The announcement of the $1 billion cut in the education budget for the 2011-12 school year has been met with anger by many districts, including Seattle. The district is struggling with the effects of this newest budget cut, and in order to communicate this struggle to the general public, the district has agreed to shut down on August 31.
The Seattle Education Association for teachers and substitutes have a tentative pact with the district to also shut down on this day to shed light on the suffering school districts. Douglas Harman, executive director of finances for the district, said, “Seattle doesn’t have the choice except to shut down.”
The schools are shutting down in order to bring public attention and sympathy to the legislative decision passed last spring to cut the $1 billion from state education funding, as well as reducing teacher salaries another 2 percent and principal salaries 3 percent.
The district actually has a larger budget this year than it did last year, but it is being forced to make more cuts because their enrollment and expenses are both dramatically increasing, outstripping revenue.
School doesn’t start until September 7, but the day is one of training and staff activity, which will all be affected. The enrollment office will be empty and any activities scheduled for that day will have to be cancelled. According to Harman, almost no personnel will be at the schools on that day.

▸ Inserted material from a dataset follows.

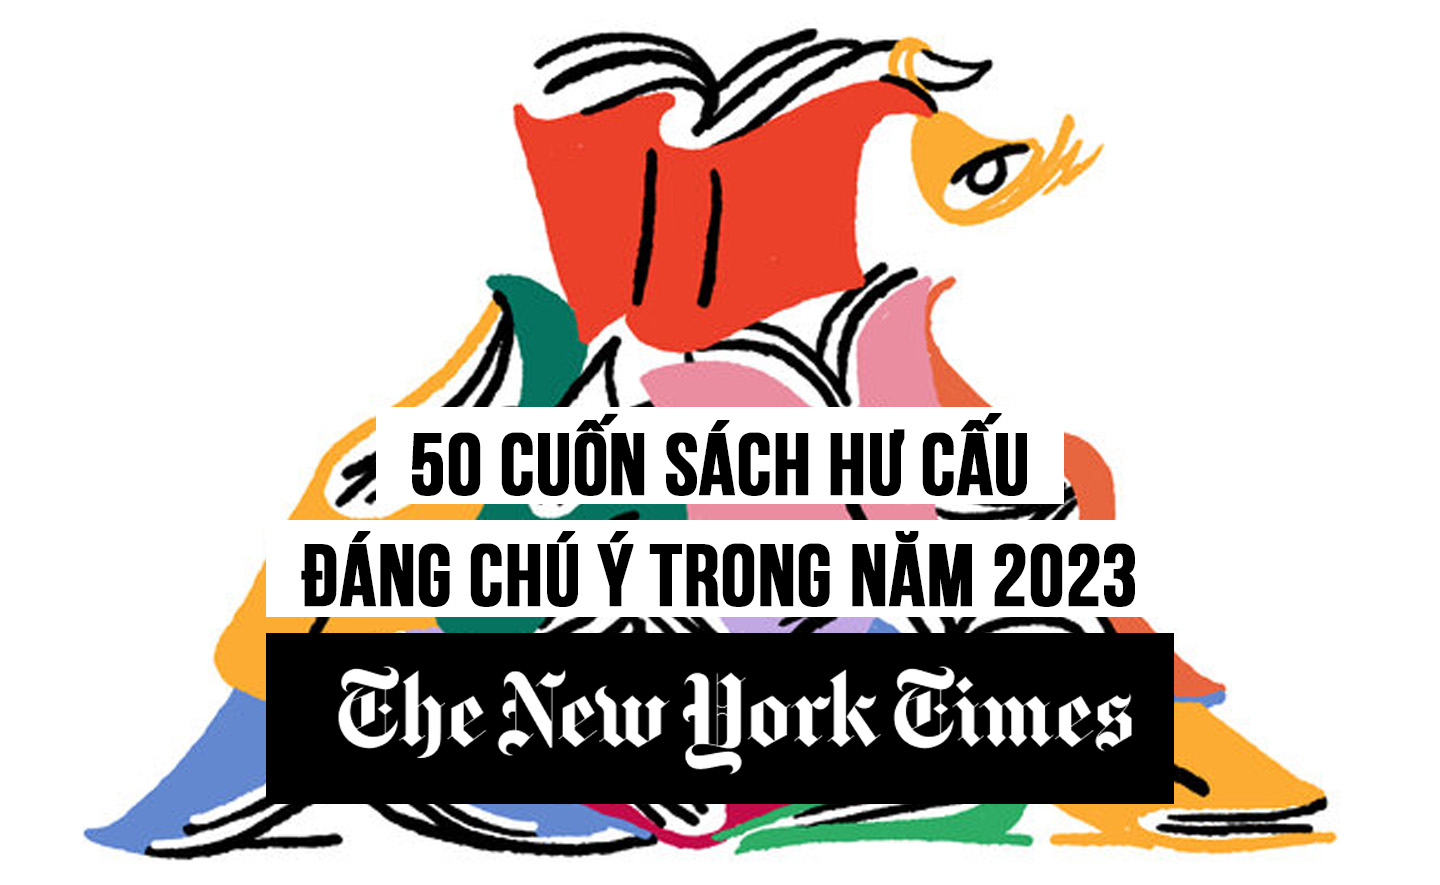 The New York Times vừa công bố 100 cuốn sách đáng chú ý năm 2023: 50 cuốn sách hư cấu nổi bật nhất năm 2023
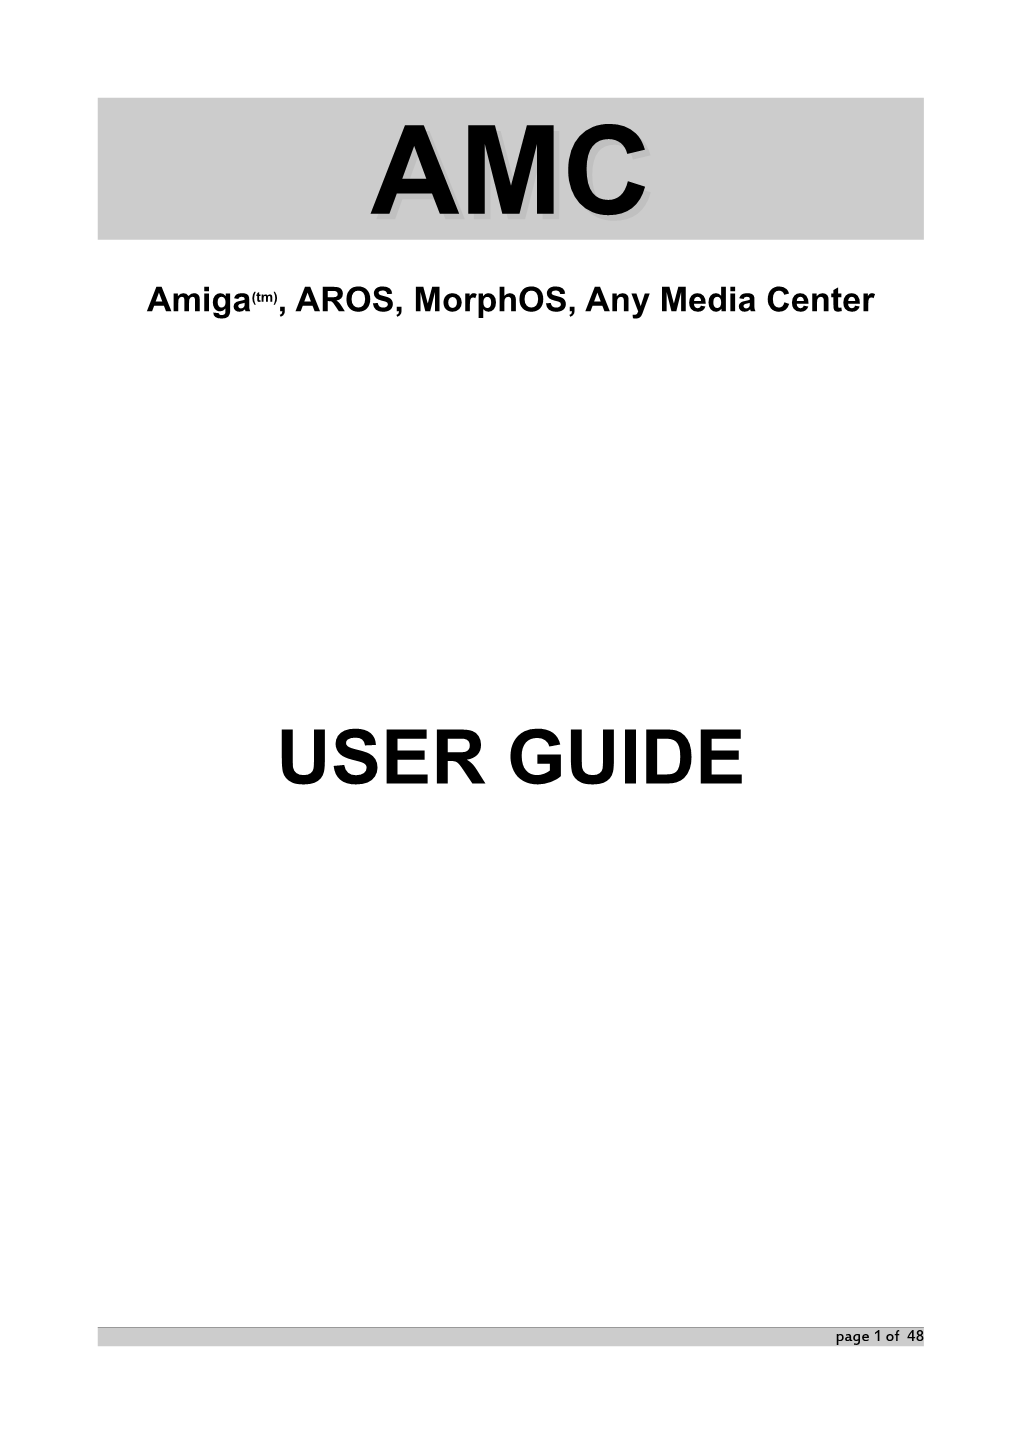 AMC Official User Guide

The district is also shutting down halfway through a school day at an undecided day between January and February, creating an unscheduled half-day. In the time freed by this half-day, the teacher’s union and the district may go to Olympia to take their concerns before the State Legislature.
Originally the teacher’s union called for both shut-down days to be during the school year, according to Executive Director Glenn Bafia, but the district decided to hold one instead before the beginning of the year. “August 31 was the day we felt worked best… to limit the impact on the kids.”
School districts all over the state are coming up with similar solutions to the budget problems facing their individual districts. Some are absorbing the funding cut through the unpaid shut-down days only rather than cut the salary of workers.
Having been cut $4 million, the Seattle district didn’t feel that this would be an effective solution. “We did not feel that, given the reductions we’ve already made over the last three years, we could just simply… backfill for this loss in state revenues.”
The district has drawn up a possible agreement to extend to the classified staff, the teaching assistants and secretaries, who are part of the Seattle Education Association. Representatives of the classified staff will vote on possible participation in this furlough.
Luckily for teachers, the budget cut won’t hurt their salaries too badly. Before this newest cut in the education funding, both were scheduled to get a 1 percent raise. Taking that raise into account, this budget cut will negate that raise, so the maximum cut any teacher will receive is 1 percent.
The district’s pact with the Seattle Education Association is still tentative; the Association will be voting to make this agreement official on August 9.